For unpacking your results, the following pattern will prove useful:
for my $row (@$results) {
# do something with row
}
Since the results are in essence just a list of rows, you can also use map
and grep
on them:
# filters out genes with residue lengths shorter than 5,000
my @filtered_results = grep {$_->{'Gene.residue.length'} > 5_000} @$results;
# Tranforms a two element arrayref row (such as 'Gene.name', 'Gene.symbol')
# into a hashref row with the first element as the key (name => 'symbol')
# Note: this assumes that the first element is unique in the list
my $transformed_results = map { {@$_} } @$results
For very large result sets, you don't have to wait to receive all the results before you start processing them - you can process everything in a stream via iteration, which can reduce memory usage in your program.

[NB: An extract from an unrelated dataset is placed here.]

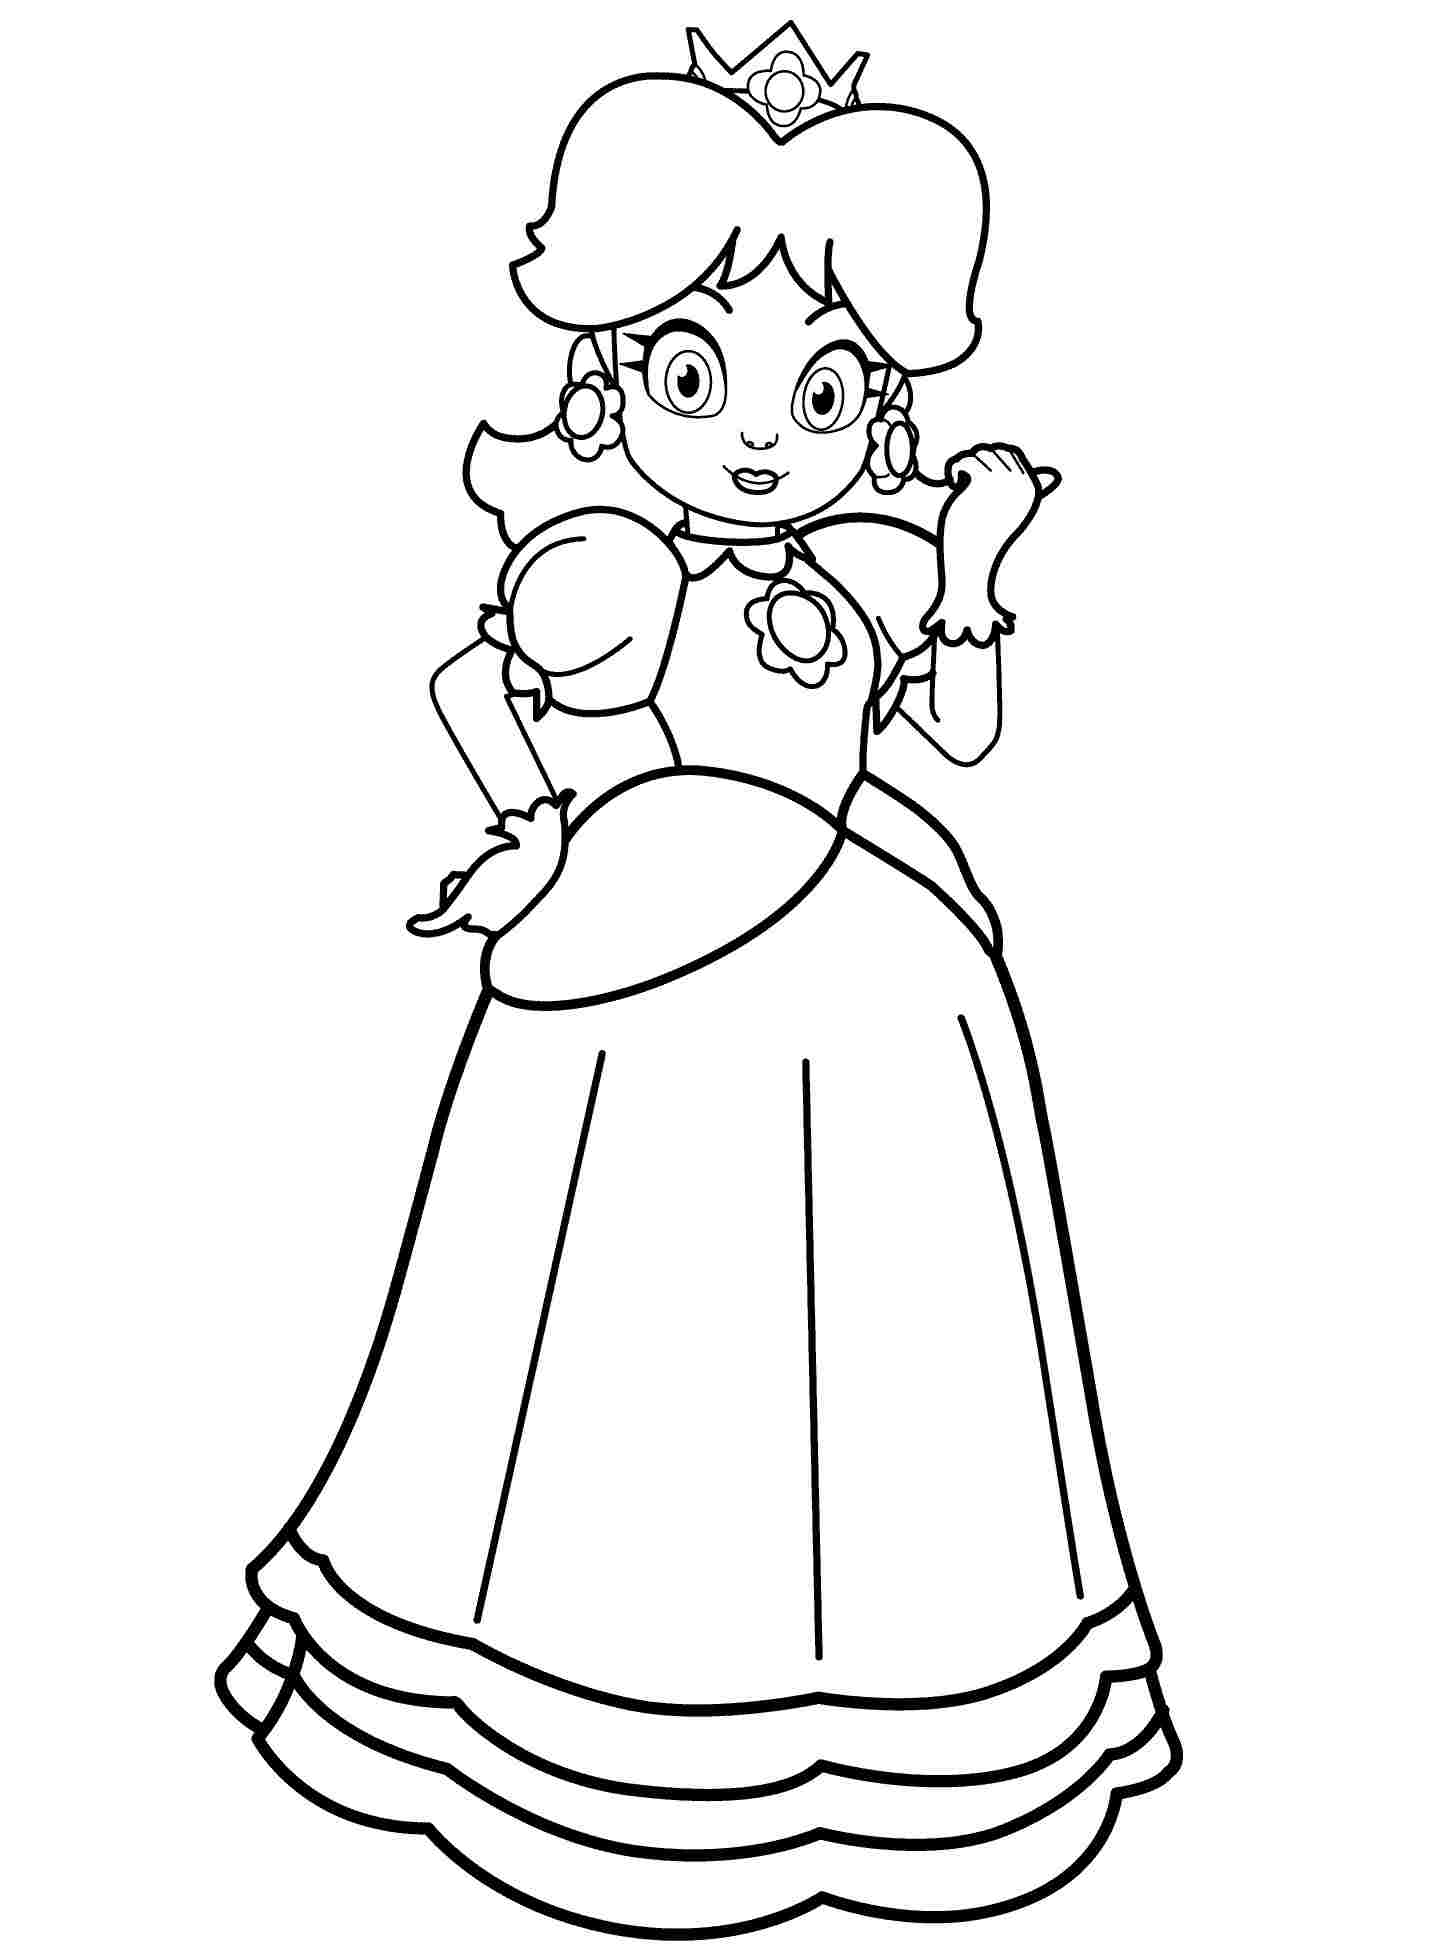 Princess Daisy is pointing something Coloring Pages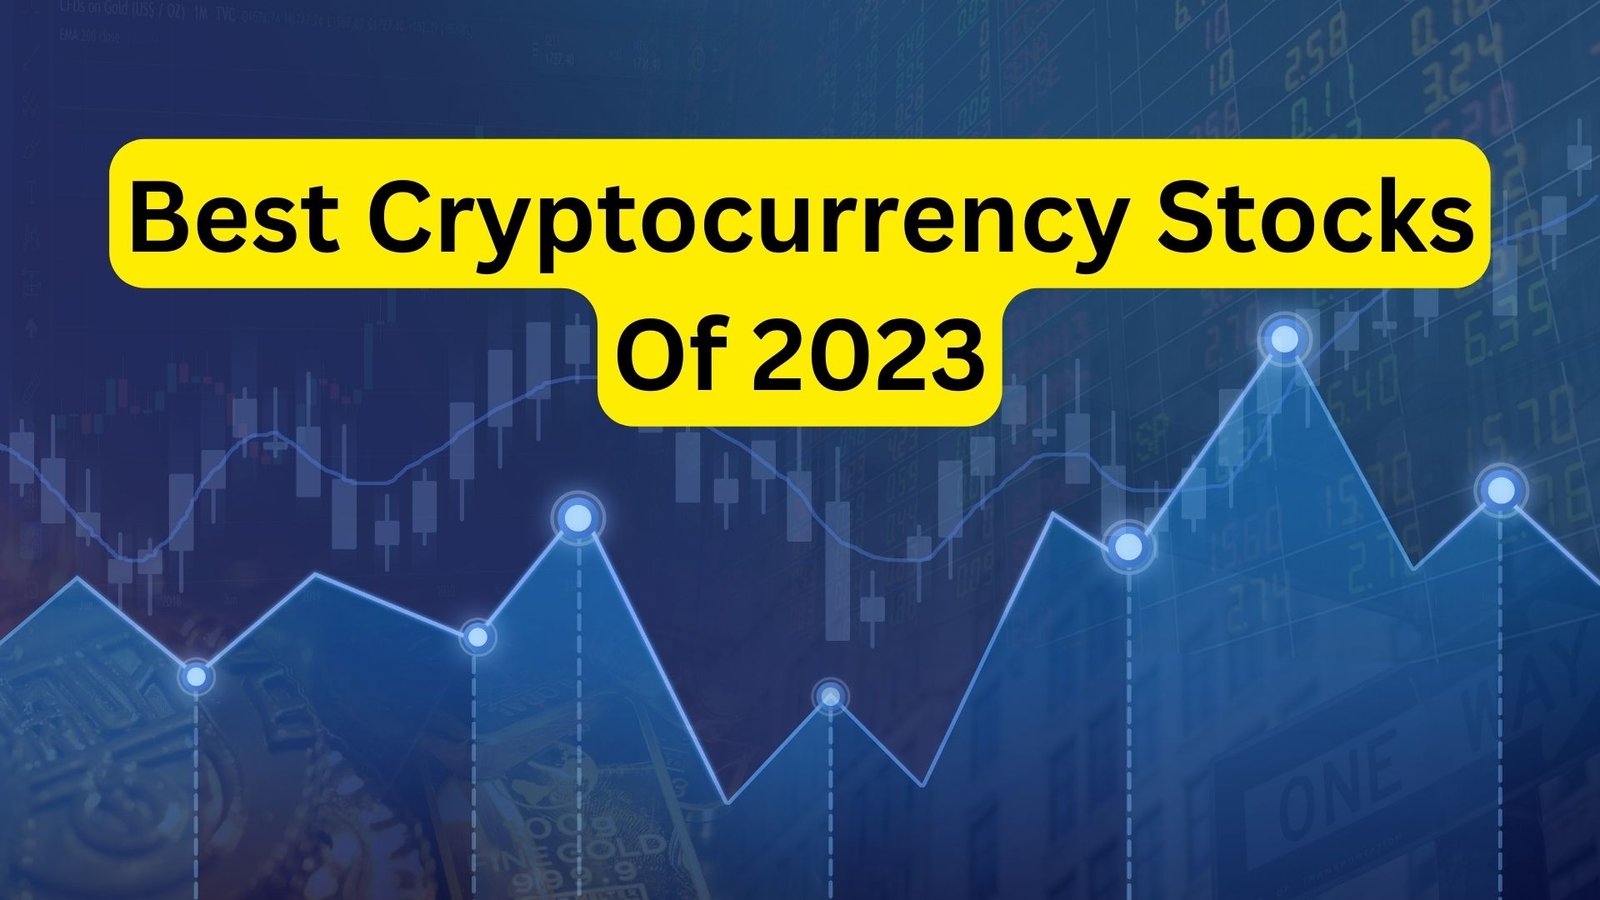 Best Cryptocurrency Stocks Of 2023

For details of this please see the next recipe, no 6 - Advanced Results Management.
CONCLUSION
By default, result rows can be returned one of three different formats: strings (for flat file storage), and hash and array references (for processing). Hash and array references (of which the default is hashrefs) make for powerful and flexible data-structures which get out of the way between you and your data.
FOOTNOTES
(1) References in Perl. Perl has a sophisticated native system of references (similar to C-style pointers) and nested data structures. The two used most frequently (and used here) are references to arrays (arrayrefs) and references to hashes (hashrefs). These data-structures function exactly the same as normal hashes and arrays, but ways of referencing values in them differ:
my @array = ('one', 'two', 'three');
my $arrayref = ['uno', 'duo', 'tre'];
my $first_english = $array[0];
my $first_italian = $arrayref->[0];
my %hash = (one => 'uno', two => 'duo', three => 'tre');
my %hashref = {one => 'eins', two => 'zwei', three => 'drei'};
my $italian_for_two = $hash{two};
my $german_for_two = $hashref->{two};
Note the differences in bracketing and the use of the arrow (dereferencing) operator.